A Definition of Alopecia Aerata
(Allo – peesha Ah – ree – ah – tah)
Alopecia Areata (AA) is a non-scarring, inflammatory, hair loss disease that can affect men, women and children. The factors that activate the onset of Alopecia Aerata and the mechanisms of its development are not fully understood.
*Alopecia areata is a highly unpredictable, autoimmune skin disease resulting in the loss of hair 49/ on the scalp and elsewhere on the body. This common but very challenging and capricious disease affects approximately 5 million people in the United States alone. Due to the fact that much of the public is still not familiar with alopecia areata, hopefully through the press and getting the word out through CreatedHair.com and people like you, this circumstance will soon be changed. The disease can have a profound impact on one’s life and functional status, both at work and at school.
*In alopecia areata, the affected hair follicles are mistakenly attacked by a person’s own immune system (white blood cells), resulting in the arrest of the hair growth stage. Alopecia areata usually starts with one or more small, round, smooth bald patches on the scalp and can progress to total scalp hair loss (alopecia totalis) or complete body hair loss (alopecia universalis).

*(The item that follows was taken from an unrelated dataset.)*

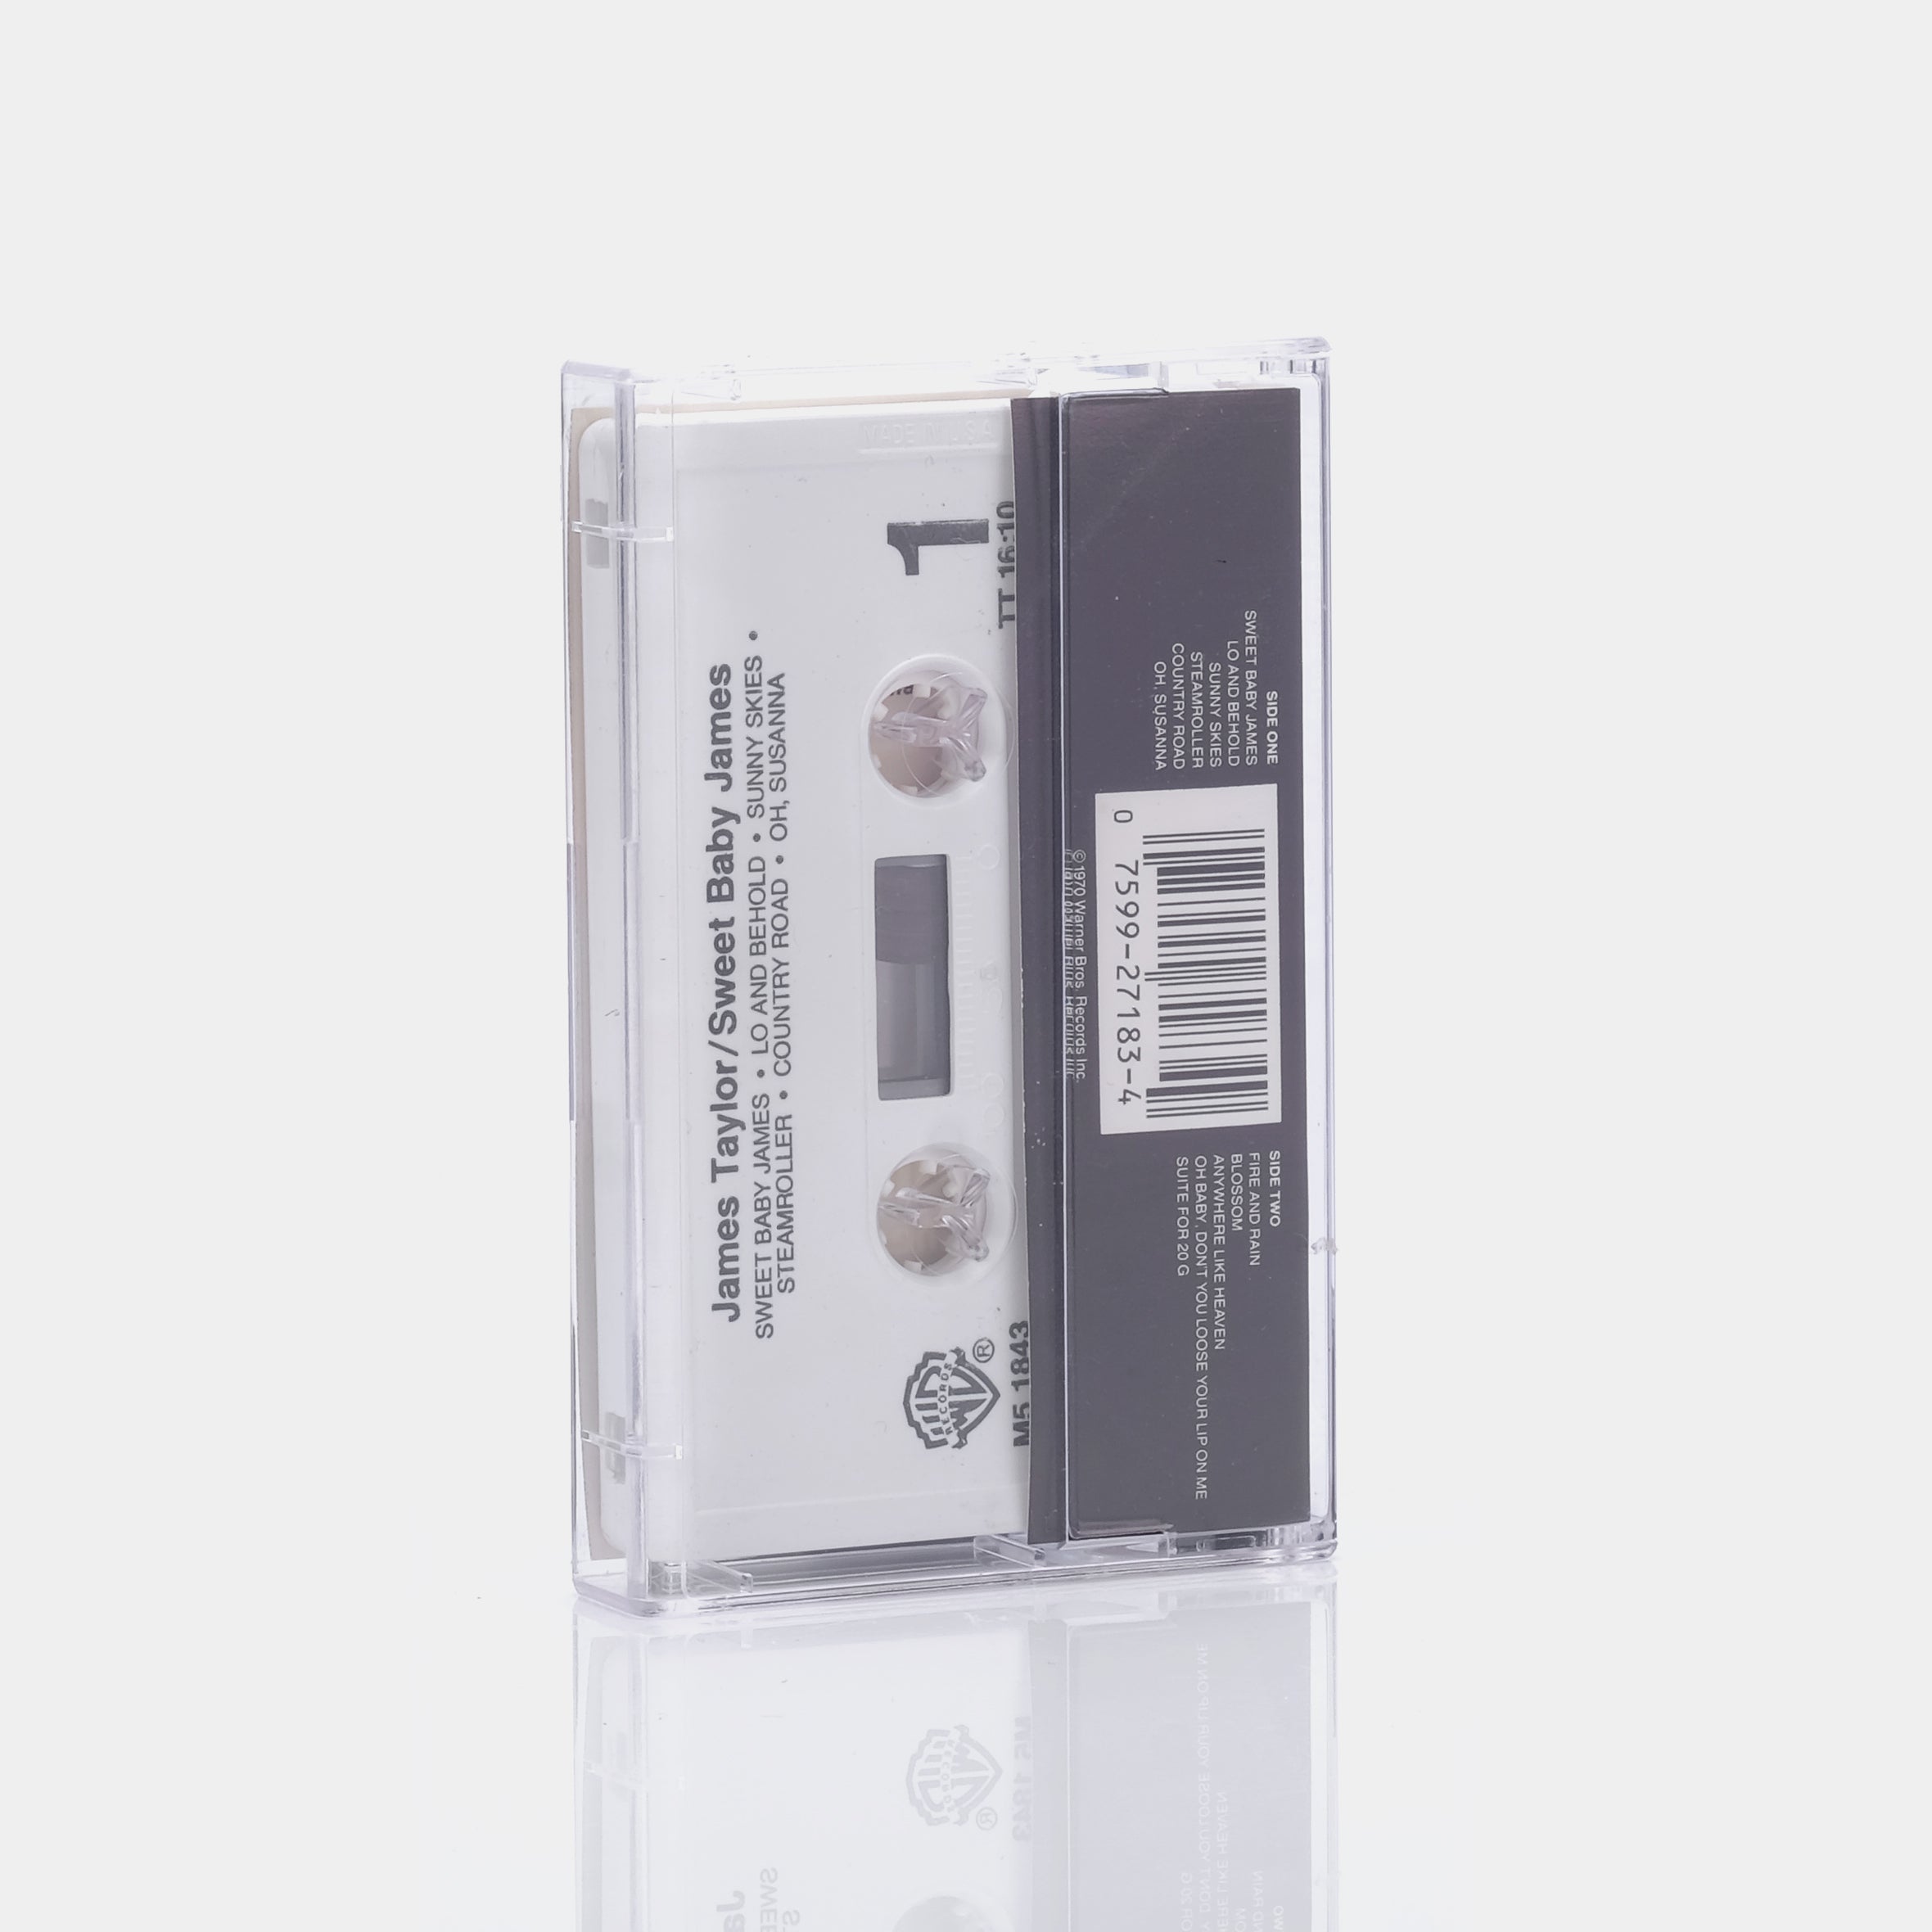 James Taylor - Sweet Baby James Cassette Tape

Alopecia areata occurs in males and females of all ages and races; however, onset most often begins in childhood and can be psychologically devastating.
For women under twenty years of age, Alopecia has been known to occur many times spontaneously. Sometimes the hair will return and stay for years before falling out again. Sometimes the hair will never fall out again, staying forever.

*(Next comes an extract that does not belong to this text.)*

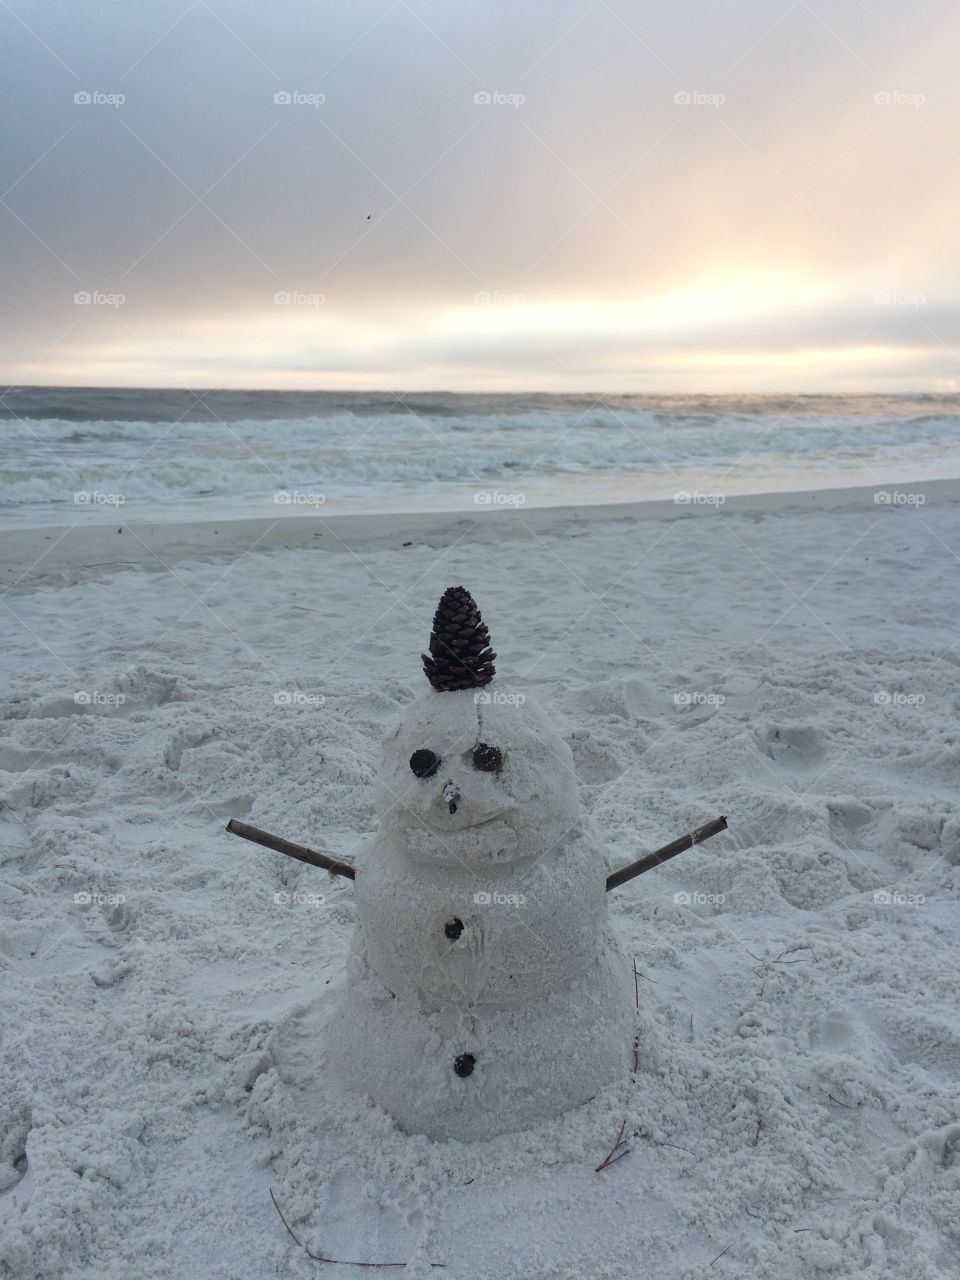 Sand snowman in Florida

Although not life-threatening, alopecia areata is most certainly life-altering, and its sudden onset, recurrent episodes, and unpredictable course have a profound psychological impact on the lives of those disrupted by this disease.
The pressures of an image orientated society can make hair loss psychologically devastating for those affected, their families, and friends.
*Circumstantial evidence suggests Alopecia Aerata is an autoimmune disease where cells of an individual’s own immune system prevent hair follicles from producing hair fiber. It is not transferable through touch, blood, or saliva.